I'd like to extract the text between the <ref></ref> pairs. Note that some of the ref pairs start with <ref name="findarticles.com"> where the name= portion could be just about anything and ends in ">". Or there may be no name= at all and start with <ref>. They always end in </ref>. Also the text between the ref pairs may contain other < and > characters (though no nested <ref></ref> pairs). Finally, file.txt will be accessed as a string via readfile(), not via getline.
This is what I have so far (this is a code-fragment from a longer awk script which does other unrelated stuff ie. the readfile method is needed for other reasons):
This works, except when the text between the ref pairs contains "<" or ">", as in the first ref pair in the above data ("<Accessed January 27>")
I understand not wanting to put such a long lined input file in CODE tags; but, in the future, please at least note that the entire file is a single line.
Assuming that each pair of <ref> and its matching </ref> tags are always on a single line in the files you want to process, this seems simpler:
As long as the text files really are text files (i.e., with no lines longer than LINE_MAX bytes including the terminating <newline> character), this should work with any awk utility. (But, as always, on Solaris/SunOS systems, change awk to /usr/xpg4/bin/awk.)
The patsplit() solution "works". It will pick up the 23 in this example.

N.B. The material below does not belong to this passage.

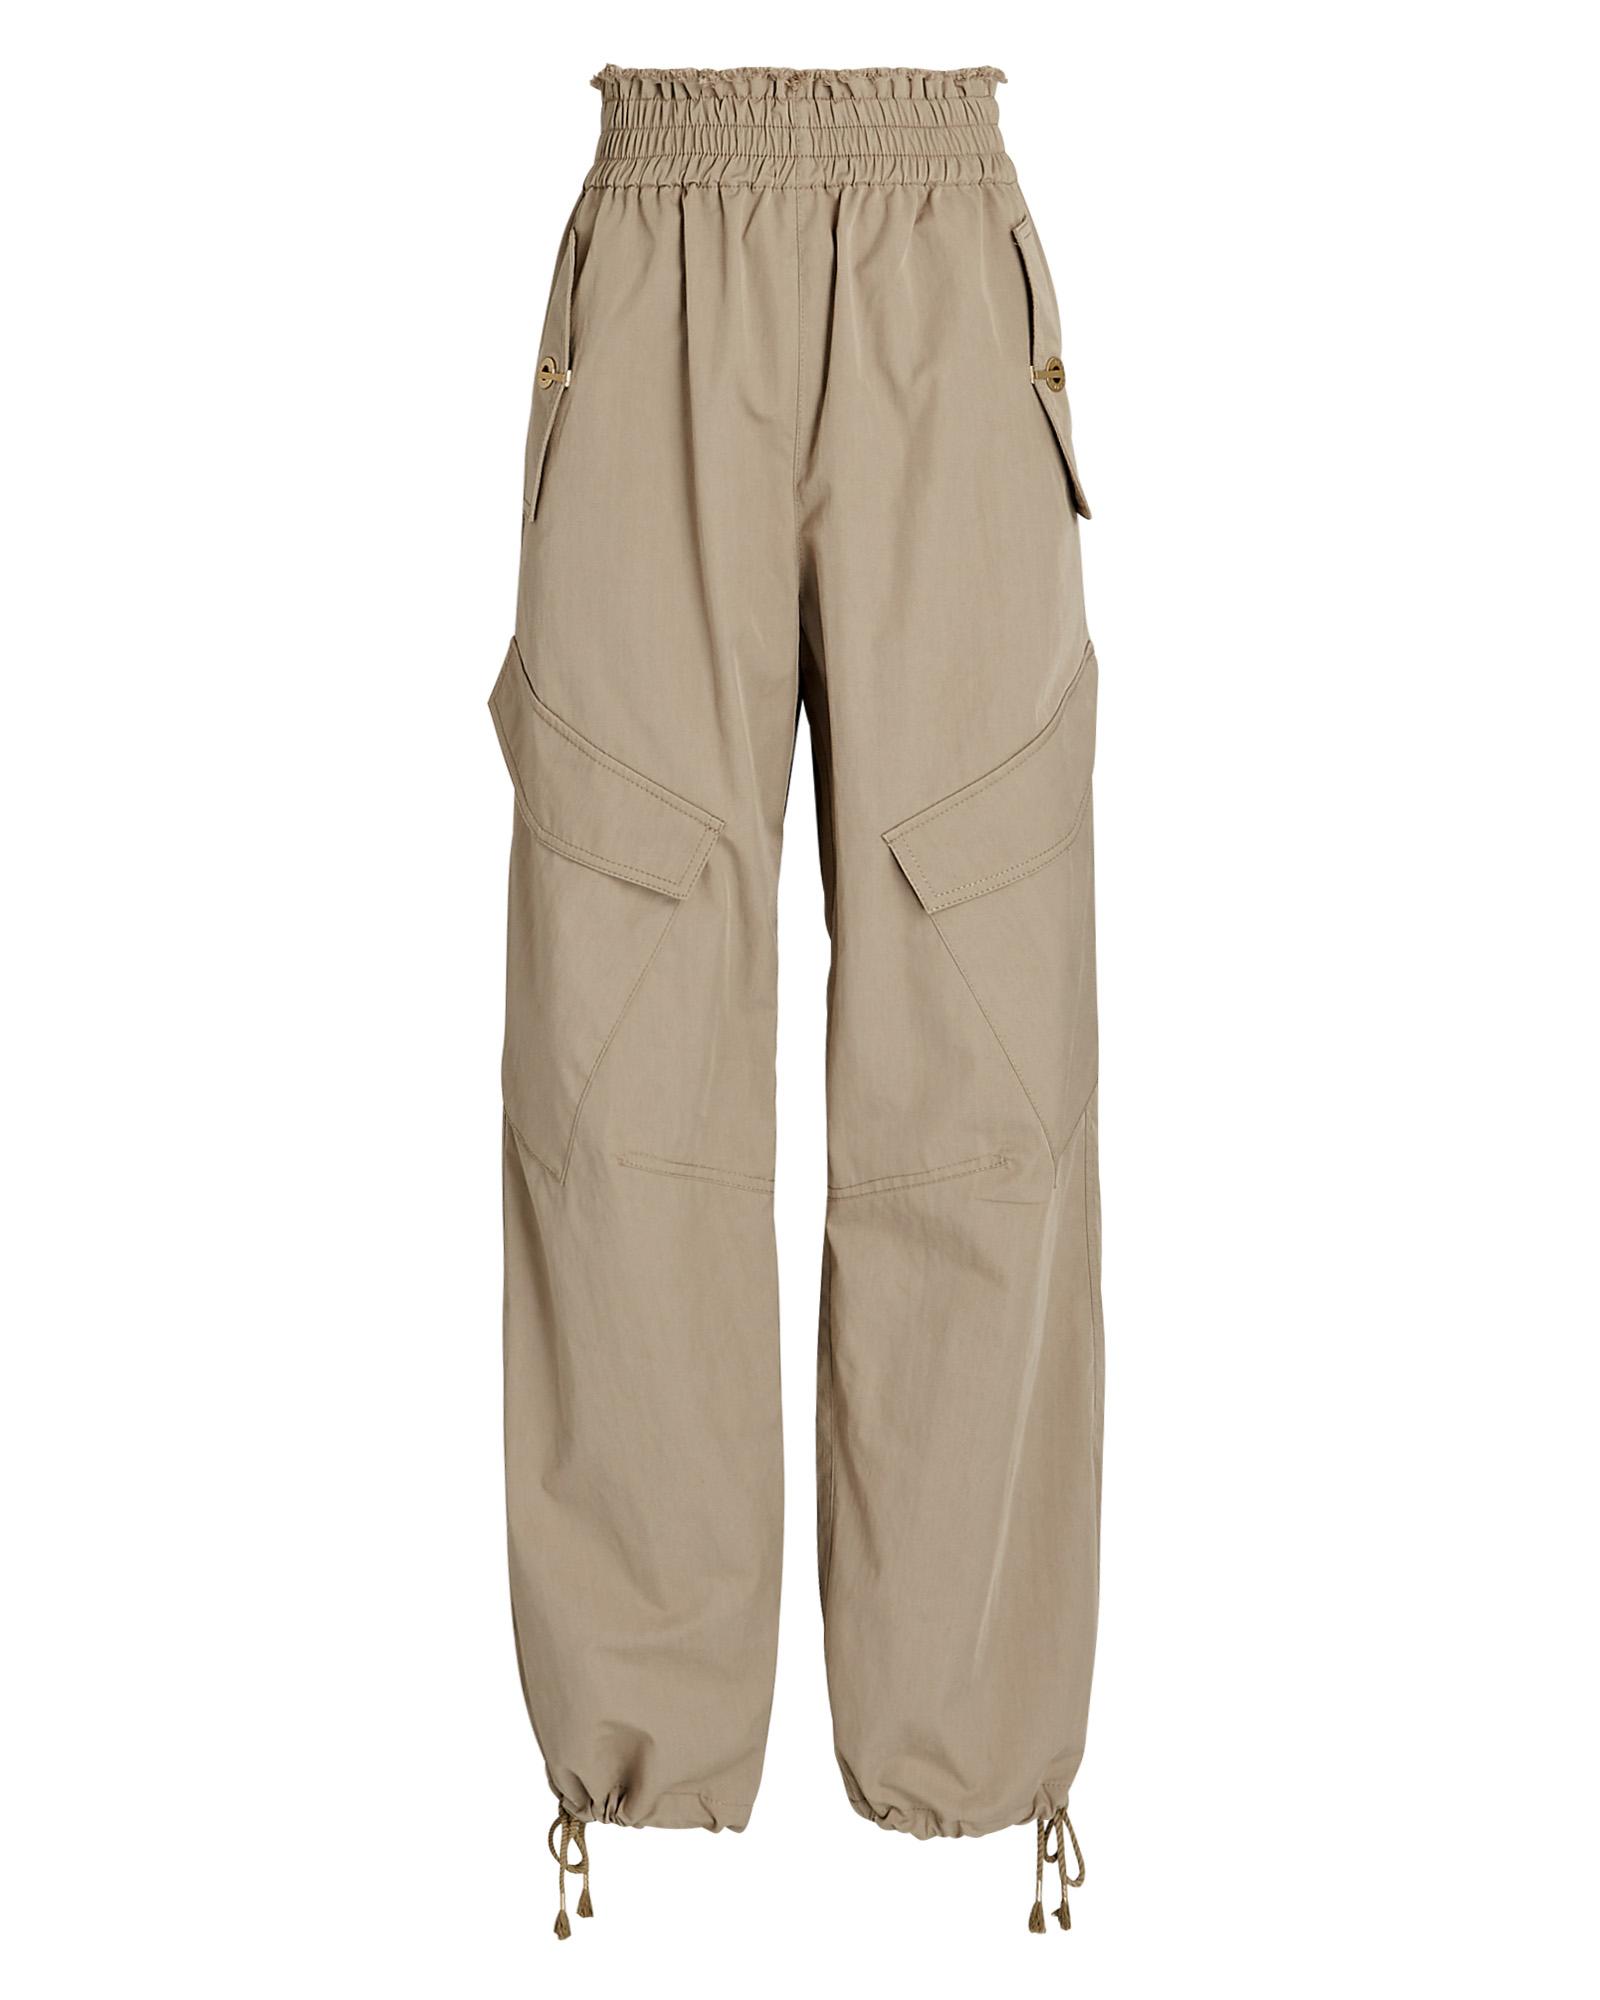 Dion Lee Frayed Rope Cotton Blend Cargo Pants in Natural | Lyst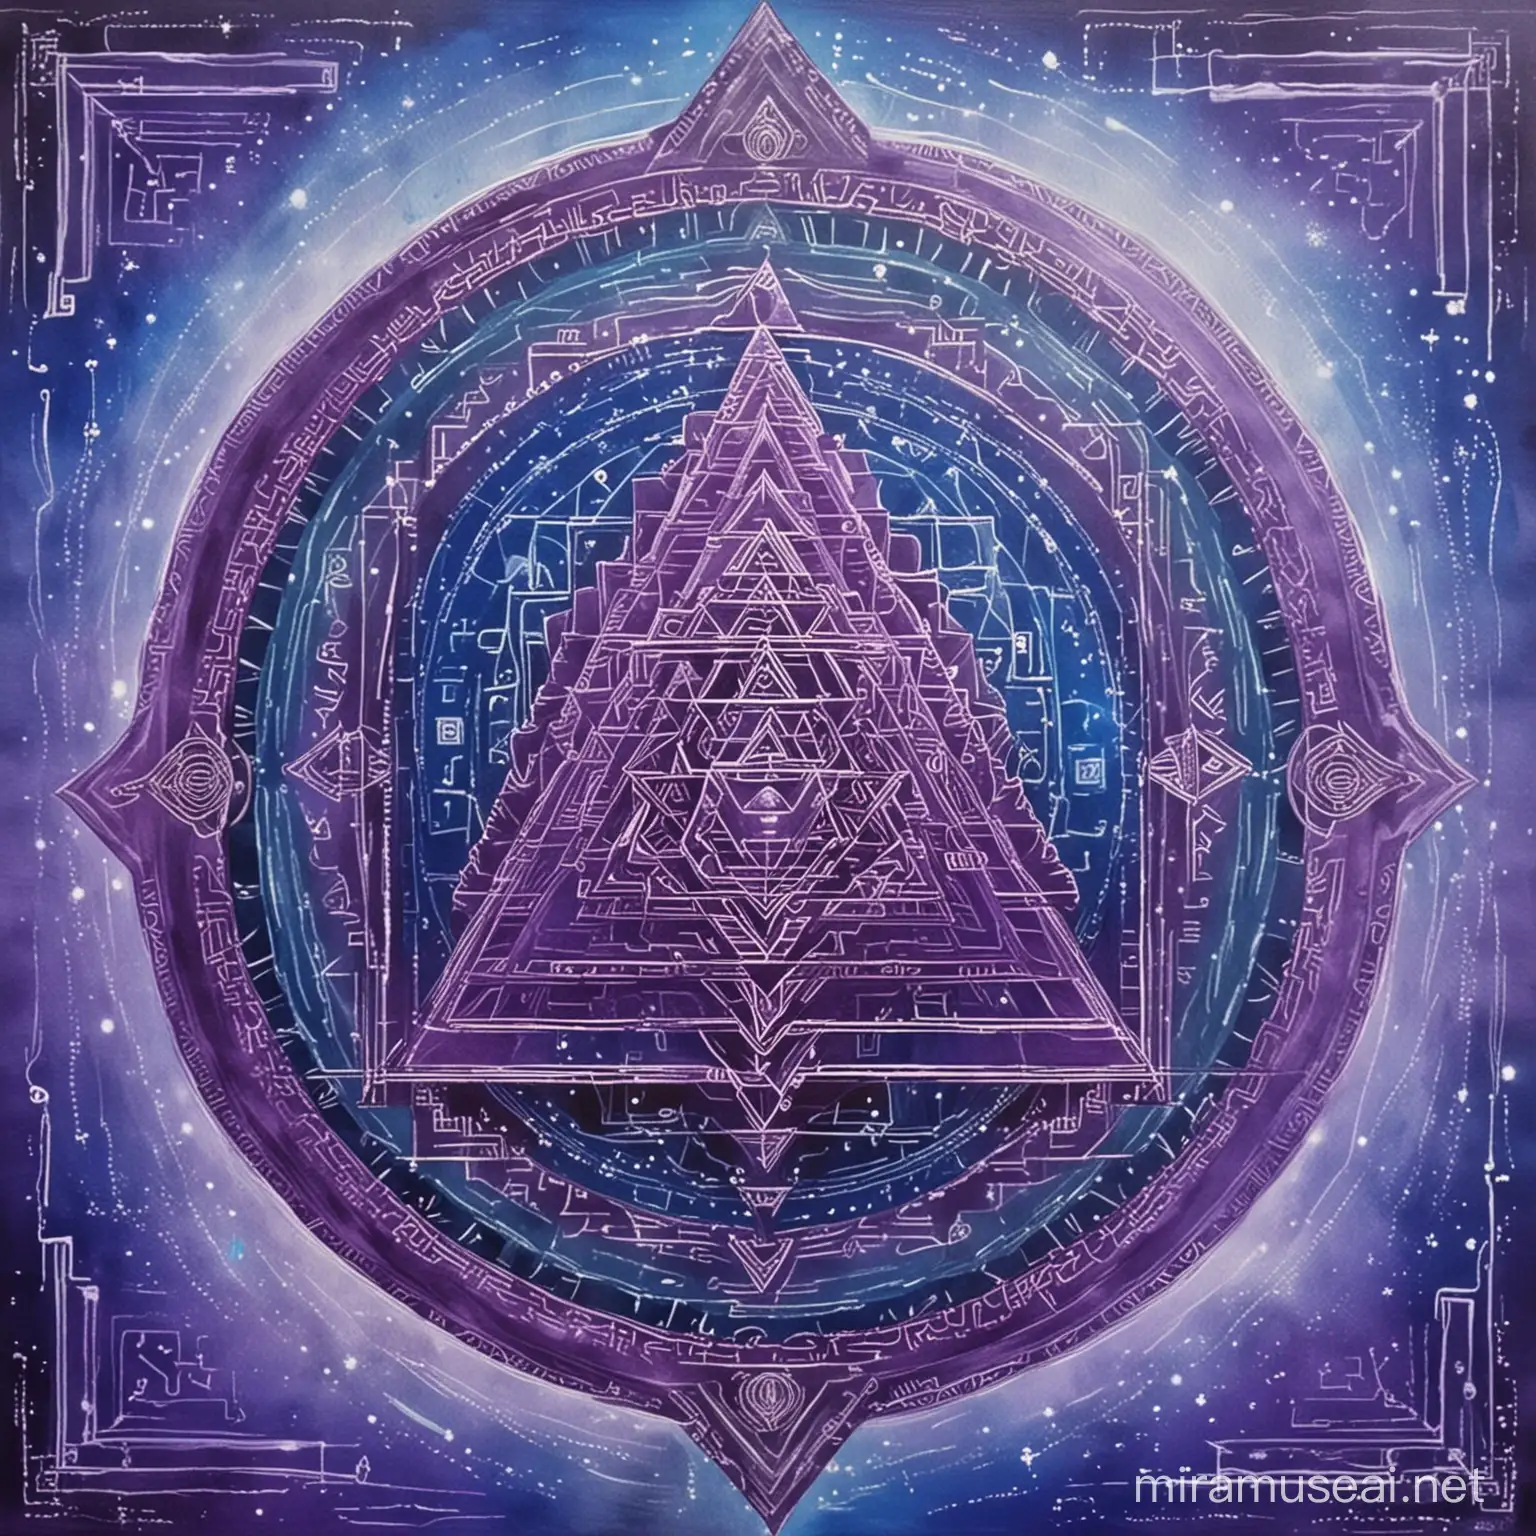 Divine Connection Surreal Artwork Featuring a Sri Yantra in Deep Blue and Purple Hues

However if you introduce a ">" or "<" character inside the text of a ref pair, it will skip it.
---------- Post updated at 05:06 PM ---------- Previous update was at 04:57 PM ----------
The other thing is I am working entirely in an awk script not from the command line or a shell script. And I really want to know how to solve this regex problem as it has application to other areas of my program. So I'm hoping that rather than finding a different solution using a different method, I can get help with my original question: what is the right regex for the patsplit() solution?
---------- Post updated at 05:14 PM ---------- Previous update was at 05:06 PM ----------
Your solution works by changing -F'<ref[^>]{0,1000}+>' .. though it produces empty lines. Still working on it..
---------- Post updated at 05:27 PM ---------- Previous update was at 05:14 PM ----------
OK here's a solution based on your code
---------- Post updated at 05:36 PM ---------- Previous update was at 05:27 PM ----------
Yes this is working now. I'd like to learn how to do the regex but this solution with split/substr/match is working. Thanks for your help.
Standard POSIX BREs and EREs perform greedy matches. And, awk uses standard POSIX EREs. Greedy means that .* in the ERE <ref>.*</ref> matches the longest string of characters it can find that starts with <ref> and ends with </ref>. Creating an ERE that matches a string starting with a specific string and ending with another (longer than one character) string that doesn't contain the terminating (longer than one character) string is somewhere between hard and impossible depending on the terminating string. Shell parameter expansions provide ways to perform greedy expansions (${var##pattern} and ${var%%pattern}) and non-greedy expansions (${var#pattern} and ${var%pattern}). You may also be able to find something in gawk to tell it to use a non-greedy RE match.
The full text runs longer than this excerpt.